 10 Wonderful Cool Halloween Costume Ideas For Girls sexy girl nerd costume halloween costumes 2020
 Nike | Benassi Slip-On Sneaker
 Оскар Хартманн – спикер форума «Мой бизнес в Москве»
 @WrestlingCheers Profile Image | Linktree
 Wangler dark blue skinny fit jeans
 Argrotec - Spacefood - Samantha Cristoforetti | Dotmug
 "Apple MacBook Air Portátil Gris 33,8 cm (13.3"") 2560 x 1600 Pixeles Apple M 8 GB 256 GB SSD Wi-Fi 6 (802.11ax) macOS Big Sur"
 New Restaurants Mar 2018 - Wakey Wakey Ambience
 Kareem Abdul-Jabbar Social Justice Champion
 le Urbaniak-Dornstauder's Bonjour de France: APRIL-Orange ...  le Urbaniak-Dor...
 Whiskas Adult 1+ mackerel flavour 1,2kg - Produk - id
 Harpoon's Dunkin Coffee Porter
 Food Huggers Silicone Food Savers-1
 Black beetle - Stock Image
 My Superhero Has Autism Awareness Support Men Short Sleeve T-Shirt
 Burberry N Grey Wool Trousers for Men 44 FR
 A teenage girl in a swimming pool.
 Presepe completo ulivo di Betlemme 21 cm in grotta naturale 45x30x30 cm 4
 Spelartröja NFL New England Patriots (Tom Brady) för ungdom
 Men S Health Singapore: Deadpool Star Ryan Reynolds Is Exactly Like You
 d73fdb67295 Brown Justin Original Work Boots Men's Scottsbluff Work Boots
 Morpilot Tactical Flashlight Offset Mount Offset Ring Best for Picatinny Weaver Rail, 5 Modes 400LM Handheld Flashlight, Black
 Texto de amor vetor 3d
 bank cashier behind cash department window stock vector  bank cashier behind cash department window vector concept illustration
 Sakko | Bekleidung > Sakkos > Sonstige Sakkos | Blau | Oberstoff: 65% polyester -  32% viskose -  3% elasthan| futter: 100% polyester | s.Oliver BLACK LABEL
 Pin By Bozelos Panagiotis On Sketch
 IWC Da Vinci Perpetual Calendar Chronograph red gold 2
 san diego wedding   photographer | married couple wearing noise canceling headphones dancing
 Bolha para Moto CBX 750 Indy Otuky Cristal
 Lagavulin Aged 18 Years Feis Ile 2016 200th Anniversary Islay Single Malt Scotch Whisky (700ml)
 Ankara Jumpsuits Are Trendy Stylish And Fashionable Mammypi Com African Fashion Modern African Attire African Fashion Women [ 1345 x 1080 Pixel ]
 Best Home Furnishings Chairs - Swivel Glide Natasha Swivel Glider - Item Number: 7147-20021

◆ **Task instructions**:
The response should hold exactly the lines starting at the line with "New Restaurants Mar" and ending at the line with "A teenage girl in a swimming pool.", and no other line of the material above.

◆ **Task solution**:
 New Restaurants Mar 2018 - Wakey Wakey Ambience
 Kareem Abdul-Jabbar Social Justice Champion
 le Urbaniak-Dornstauder's Bonjour de France: APRIL-Orange ...  le Urbaniak-Dor...
 Whiskas Adult 1+ mackerel flavour 1,2kg - Produk - id
 Harpoon's Dunkin Coffee Porter
 Food Huggers Silicone Food Savers-1
 Black beetle - Stock Image
 My Superhero Has Autism Awareness Support Men Short Sleeve T-Shirt
 Burberry N Grey Wool Trousers for Men 44 FR
 A teenage girl in a swimming pool.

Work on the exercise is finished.